Genetics of the Romanesco variety: a fractal mathematical model of gene expression

    What do snowflakes, Romanesco cabbage, starfish, lightning, and trees have in common? You can't tell right away, but from a mathematical point of view, all these objects have a common feature - fractality. In the eyes of mathematics, everything in our world is subject to the laws of the "queen of sciences." Any phenomenon, process or object can be expressed in mathematical form, which allows it to be analyzed from a new angle, so to speak. For many years, scientists have been trying to create an ideal mathematical representation of genes, their interconnections, and the processes in which they participate. Today we will talk about how fractals helped to lay the foundation for a completely new mathematical model of human genes from the perspective of cancer. What is a fractal, why is it so important for geneticists and mathematicians, and how can a new mathematical model help modern medicine? We will look for answers in the report of the research group. Go.

    Theoretical retreat

    To begin with, it is worthwhile to briefly figure out what a fractal is and what it is eaten with.

    A fractal is a set with properties of self-similarity. Simply put, when something consists of several mini-copies of itself.

    Fractals are found in various physical phenomena: from diffusion to turbulence. This can be called the natural manifestations of fractals. People also found the use of fractals: in computer graphics, radio engineering, network technologies, etc.

    The fractals are very colorful in the film “Doctor Strange” (2016), when the Elder sends the main character on a tour of parallel measurements.

    A slightly unpleasant sight, but clearly demonstrating the fractality.

    Even on the shelves of the supermarket you can find manifestations of fractality, namely with the example of Romanesco cabbage or cauliflower.

    If we take into account that there are quite a few types of sets with fractal properties, it can be argued that almost everything around us is in one way or another connected with fractals. And the human body, especially its genes, is no exception. Since fractals can be mathematically explained by laying out the components, the application of such a model on human genes can significantly help in understanding the various processes occurring in our body, including various diseases, pathologies and other unpleasant things.
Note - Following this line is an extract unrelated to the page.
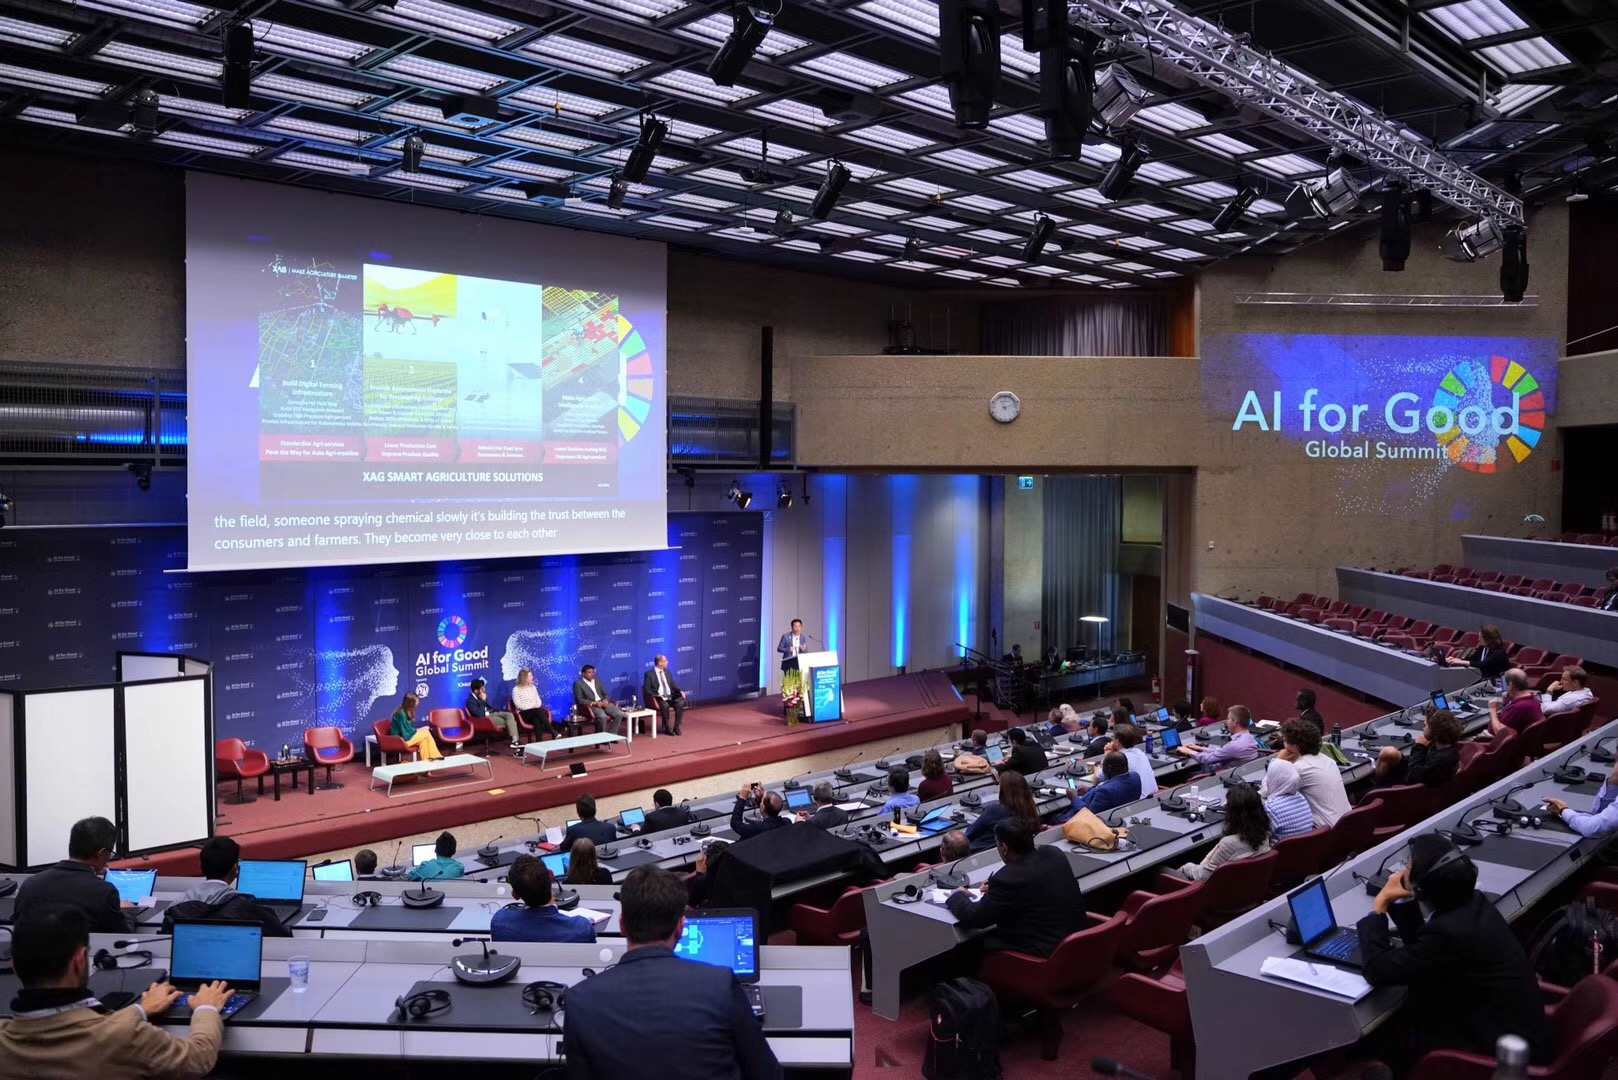 AI for Good Global Summit
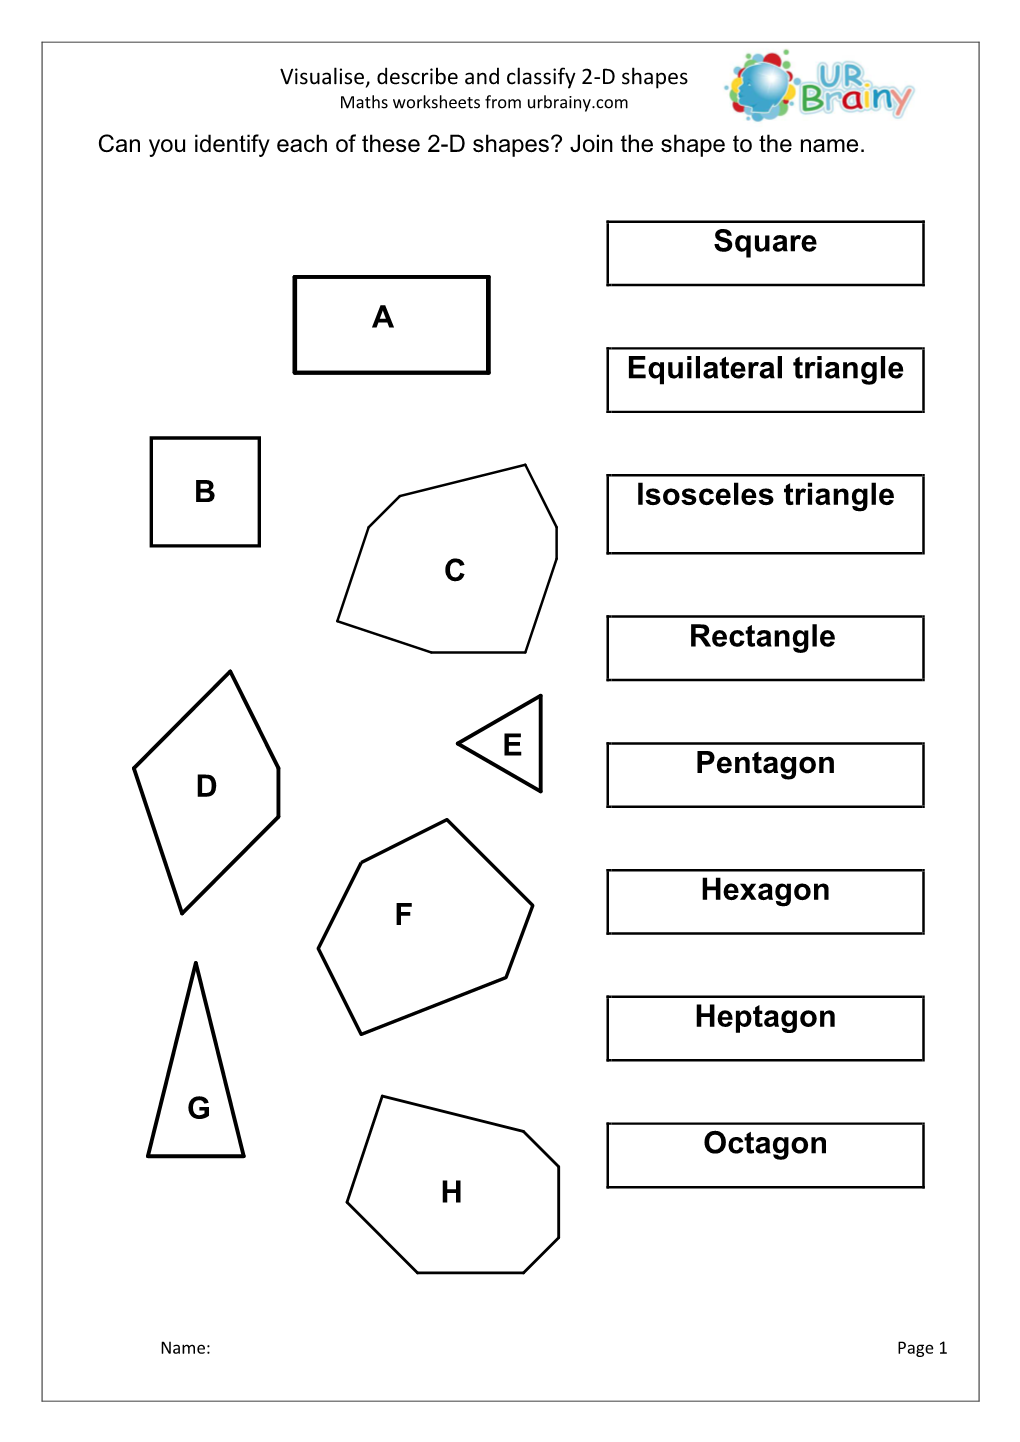 Square Equilateral Triangle Isosceles Triangle Rectangle Pentagon Hexagon Heptagon Octagon a C B F E D

    One of the most important processes in our body is gene expression (image 1a) when the genetic information of the genes is converted into a functional product. In other words, our cells control their structure and function through gene expression. Our genes are a database from which all the cells of the body derive information, performing the necessary functions later. Because we do not grow hair in the mouth, the immune system fights infections, blood cells transport oxygen, etc. All these processes take place precisely by programming the cells to perform specific tasks, which in turn is possible through protein synthesis from the activation of a specific gene.

    Image number 1

    Regulation of gene expression indicates when, how long and how long certain proteins should be produced. Therefore, the study of this process is of great importance for a complete understanding of how certain mechanisms of control of organisms work.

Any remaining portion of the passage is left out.